Right now his task was to teach. Third meeting of this particular class, when they began to get into things. He was looking forward to it.
He took the red egg back with him to his cottage, put it on his desk. He put his papers in his shoulder bag, said good-bye to Gao, got on his old bike and pedaled down the path to the college. The bike path followed Puta Creek, and the new leaves on the trees shaded the path, so that its asphalt was still wet with dew. The flowers in the grass looked like colored eggs and candy wrappers, everything stuffed with its own color, the sky overhead unusually clear and dark for the valley, almost cobalt. The opaque water in the stream was the color of apple jade. Valley oaks as big as villages overhung its banks.
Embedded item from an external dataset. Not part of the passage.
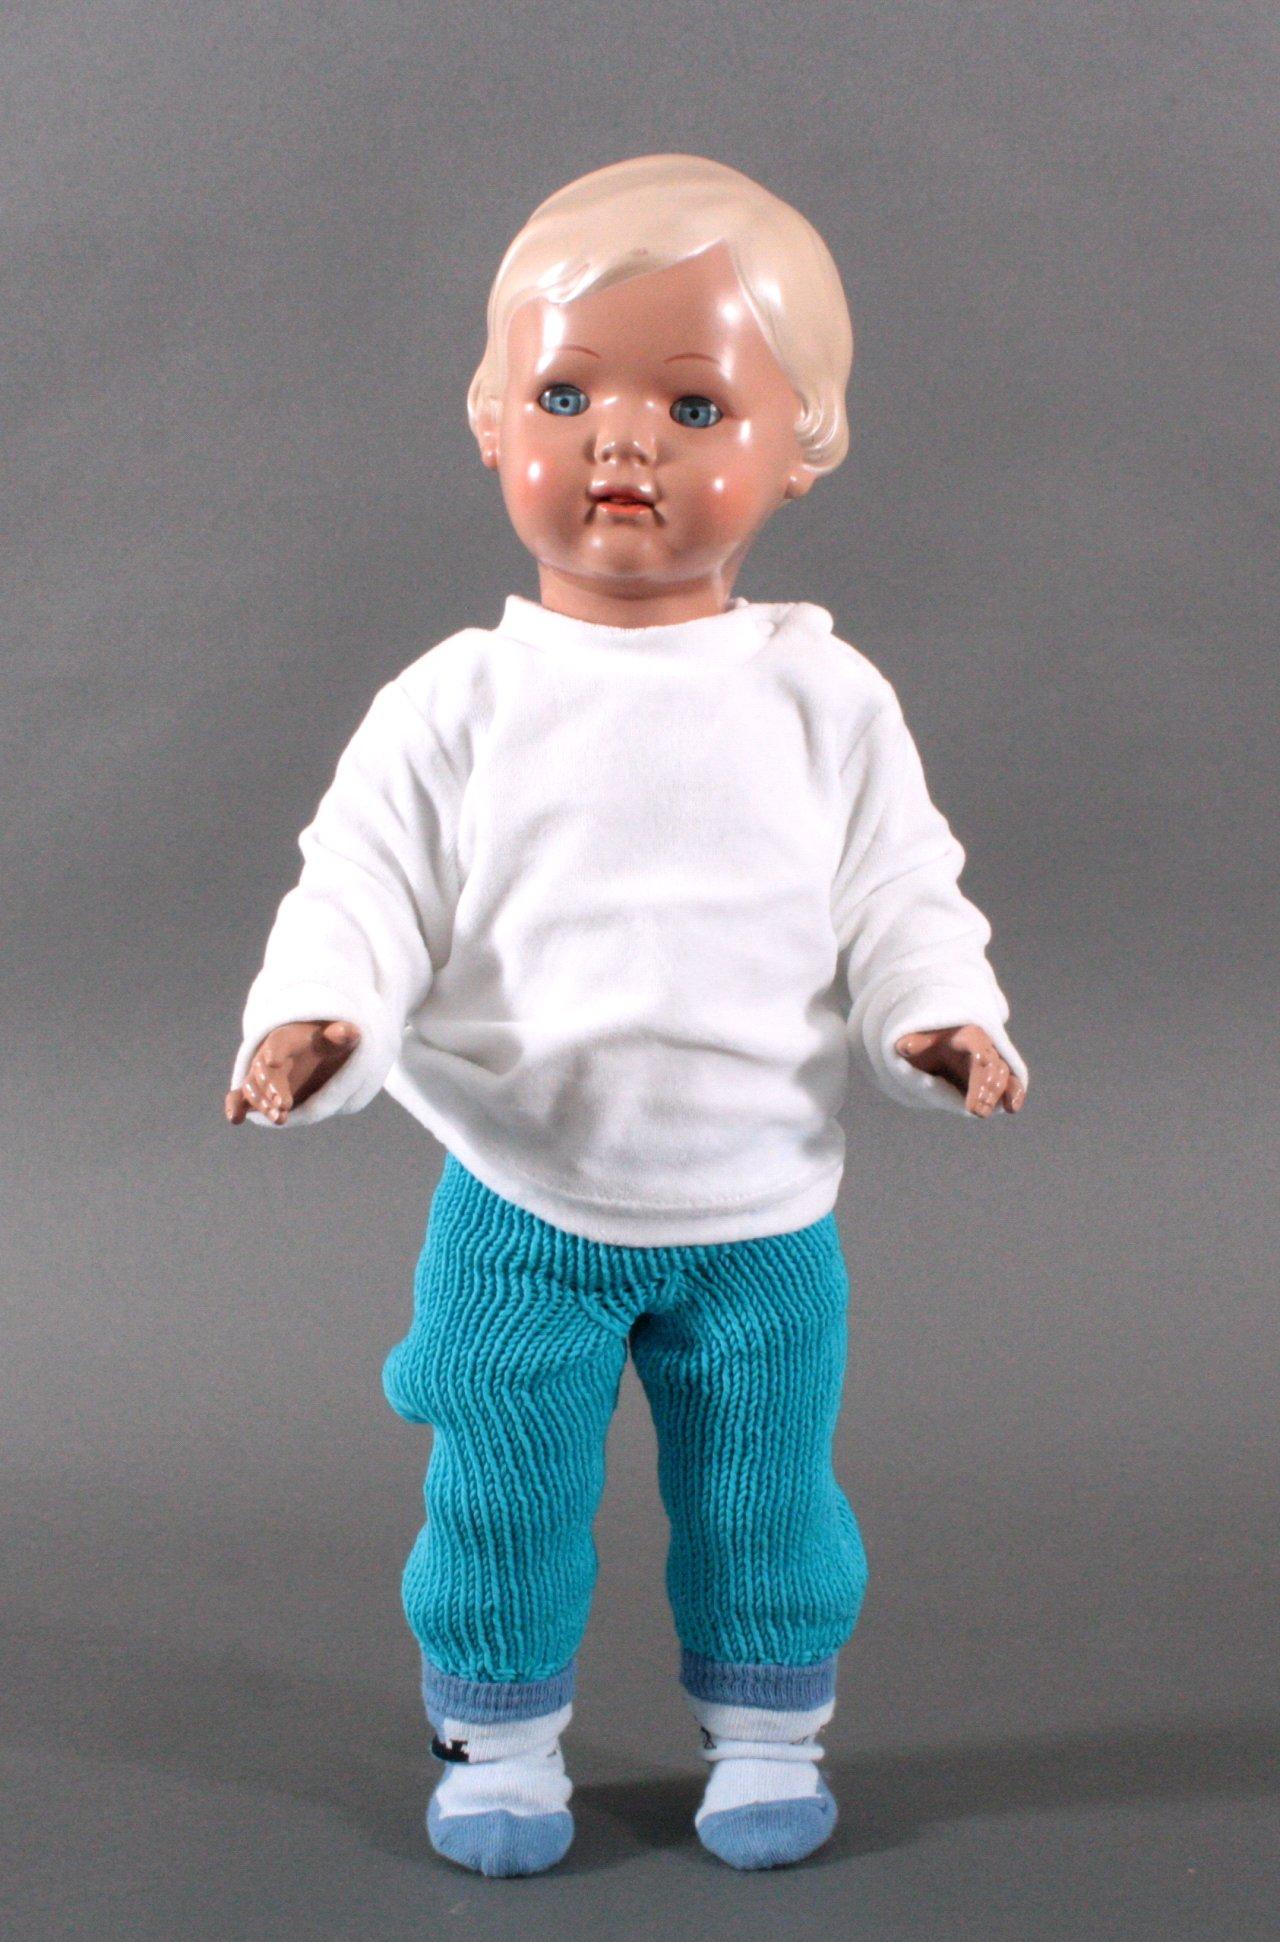 Puppe der Marke Schildkröt aus den sechziger Jahren

He parked his bike, and seeing a gang of snow monkeys in the tree overhead, locked it to a stand. These monkeys enjoyed rolling bikes down the bank into the stream, two or three cooperating to launch them upright on their course. It had happened to Bao’s bike more than once, before he purchased a lock and chain.
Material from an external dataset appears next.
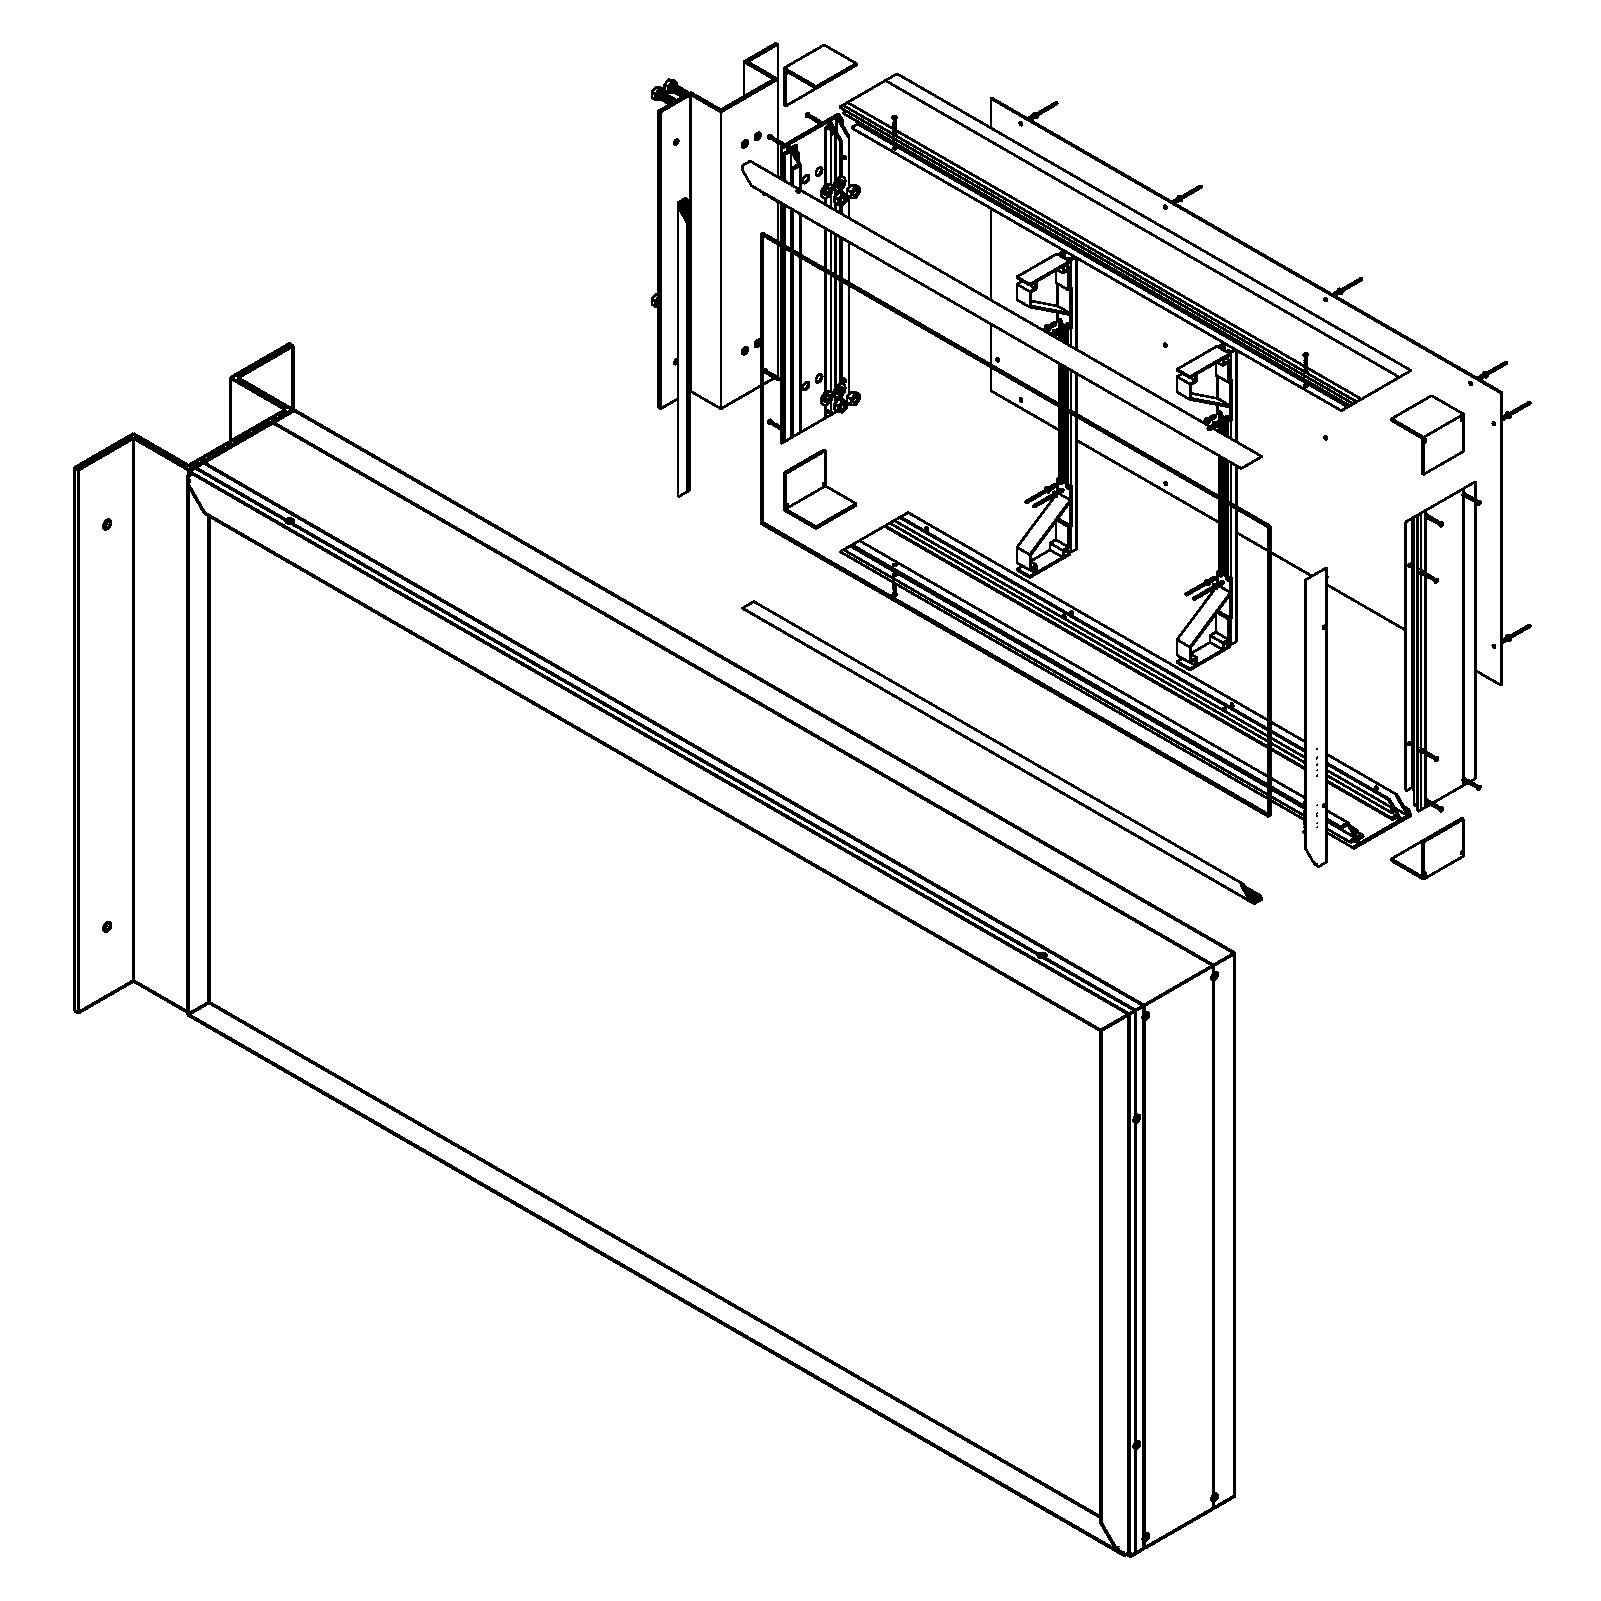 Wiring Diagram Aluminum Extrusion Lightbo

He walked on, downstream to the round picnic table where he always instructed his spring classes to meet him. Never had the greens of grass and leaf been so green before, they made him a bit unsteady on his feet. He recalled the little girl and her egg, the peace of the little celebration, everyone doing what they always did on this first day. His class would be the same as well. It always came down to this. There they were under the giant oak tree, gathering around the round table, and he would sit down with them and tell them as much as he could of what he had learned, trying to get it across to them, giving them what little portion of his experience he could. He would say to them, “Come here, sit down, I have some stories to tell, about how people go on.”
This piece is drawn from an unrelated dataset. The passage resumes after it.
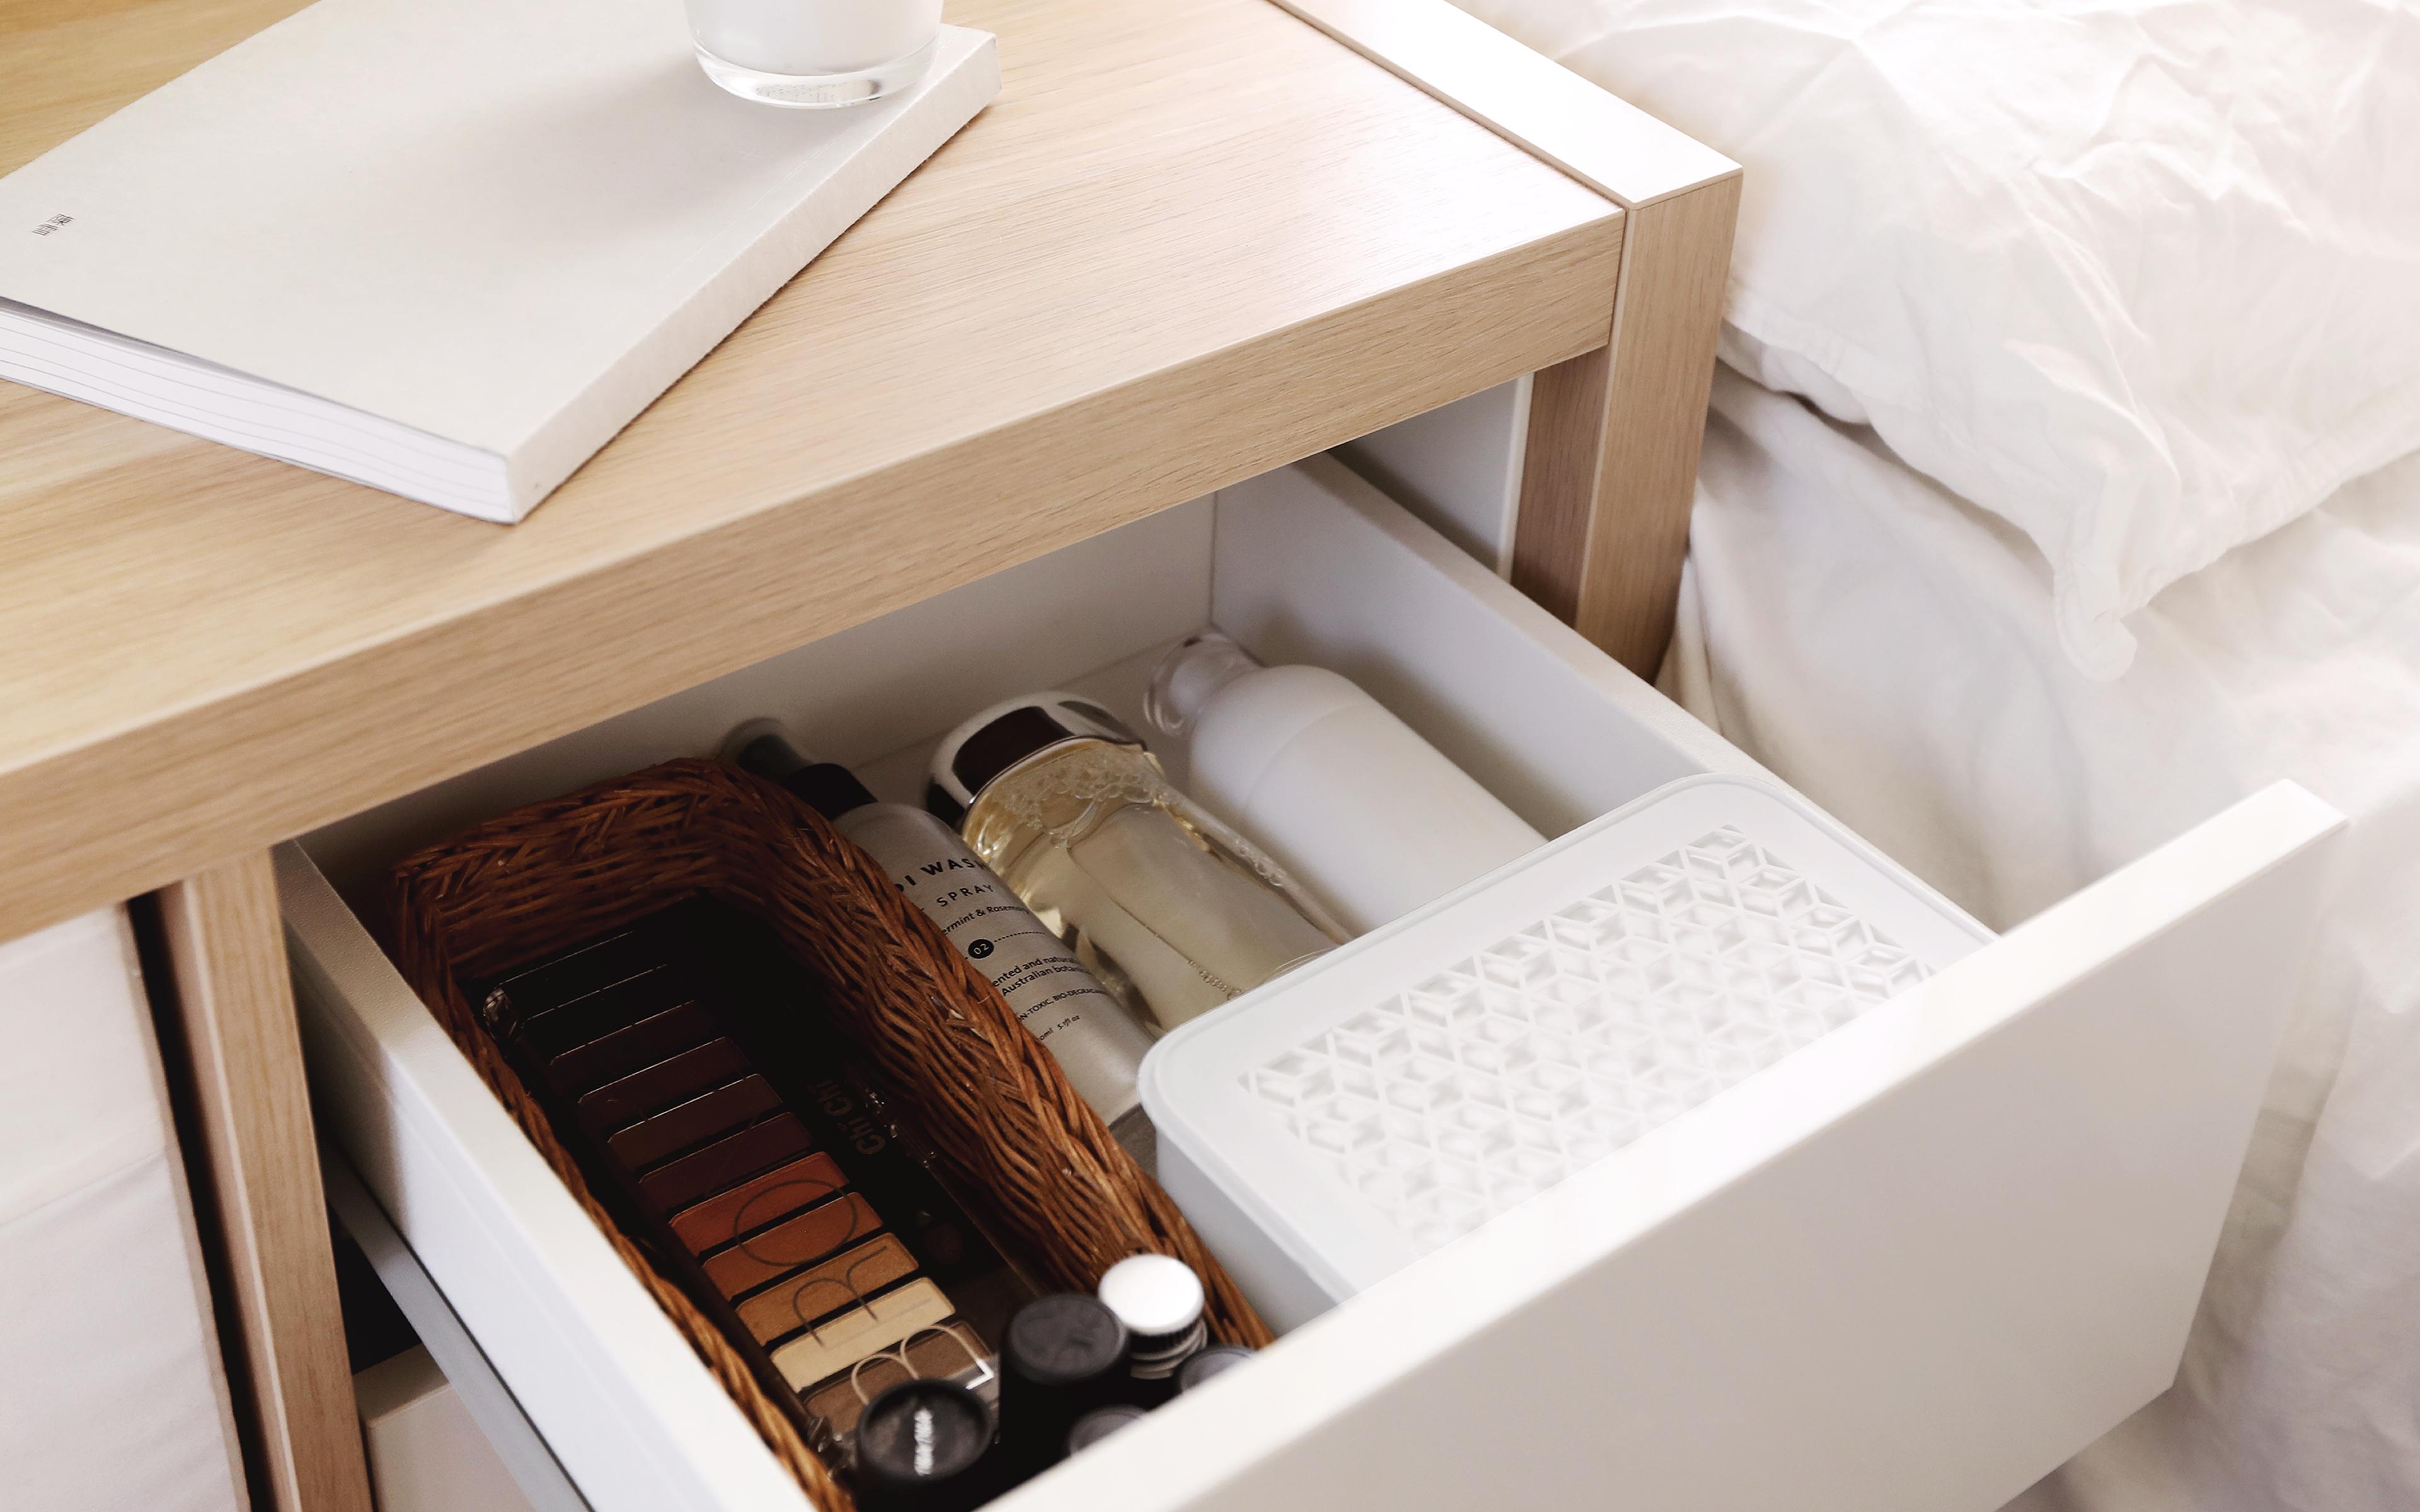 新式裸白克潮靈適用於收納空間

But he was there to learn too. And this time, under the jade and emerald leaves, he saw that there was a striking young woman who had joined them, a Travancori student he had not seen before, dark skinned, black haired, thick eyebrowed, eyes flashing as she glanced briefly up at him from across the picnic table. A sharp glance, suffused with a profound skepticism; by that look alone he could tell that she did not believe in teachers, that she did not trust them, that she was not prepared to believe a single thing he said. He would have a lot to learn from her.
He smiled and sat down, waited for them to grow still. “I see we have someone new joining us,” he said, indicating the young woman with a polite nod. The other students looked at her curiously. “Why don’t you introduce yourself?”
“Hello,” the young woman said. “My name is Kali.”